Cryptocurrencies are not illegal in India but it is important to note that India currently lacks a regulatory architecture to manage cryptocurrencies. In November 2017, the Government formed an Inter-Ministerial Committee (IMC) to analyse currencies.

The Ministry of Corporate Affairs — General Notification dated 24-3-2021, remains the only official word conveyed from the end of Government of India (GoI). The notification made it compulsory for companies to disclose their crypto trading/investment during the financial year. The notification proclaimed “Details of Cryptocurrency or Virtual Currency where the company has traded or invested in cryptocurrency or virtual currency during the financial year, the following shall be disclosed—

(a) Profit or loss on transactions involving cryptocurrency or virtual currency.

(b) Amount of currency held as at the reporting date.

(c) Deposits or advances from any person for the purpose of trading or investing in cryptocurrency/virtual currency.”

The New Cryptocurrency Bill 2021 acknowledges the grey zone of cryptocurrency regulations and it aims to outright ban all private cryptocurrencies; however, there is still a grey area in which all sorts of cryptocurrency will fall within the purview of private cryptocurrencies.

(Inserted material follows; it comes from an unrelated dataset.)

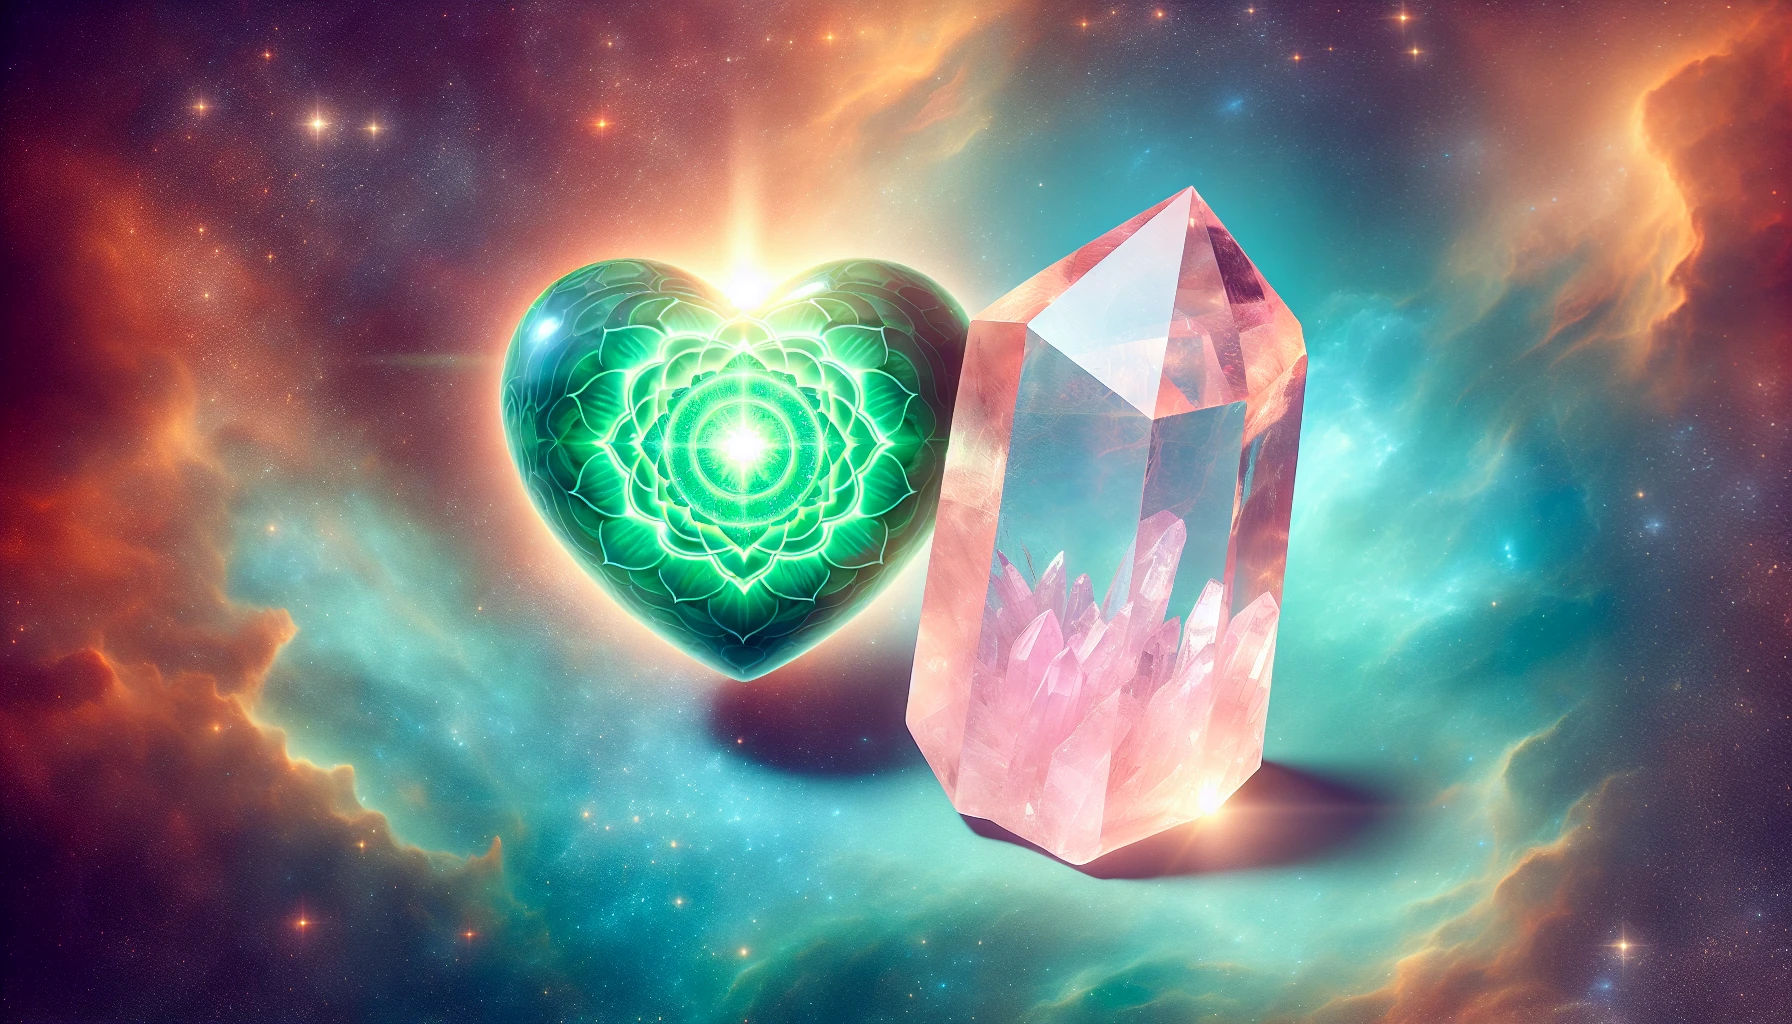 Heart chakra and rose quartz illustration

In a nutshell, the Cryptocurrency and Regulation of Official Digital Currency Bill 2021 aims to outlaw all private digital currency and enforce a regulated procedure for introducing a cryptocurrency legally. If the Act is enacted, a large number of cryptocurrencies will follow the formal road outlined by the act in order to become legal in India.

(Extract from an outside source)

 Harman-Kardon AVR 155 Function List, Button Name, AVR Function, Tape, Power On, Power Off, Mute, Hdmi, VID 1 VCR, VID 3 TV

With the Indian Economy completely devastated from the second wave of the Novel Coronavirus it is a very lucrative time to add this uplifting factor of cryptocurrency into the market. This move is likely to induce multiple new start-ups based on blockchain and many more Indian Intermediary platforms apart from Wazirx. However, with the central bank also introducing its own cryptocurrency it is very much possible that elimination of intermediary happens as banks and financial institution involve themselves in cryptocurrency directly.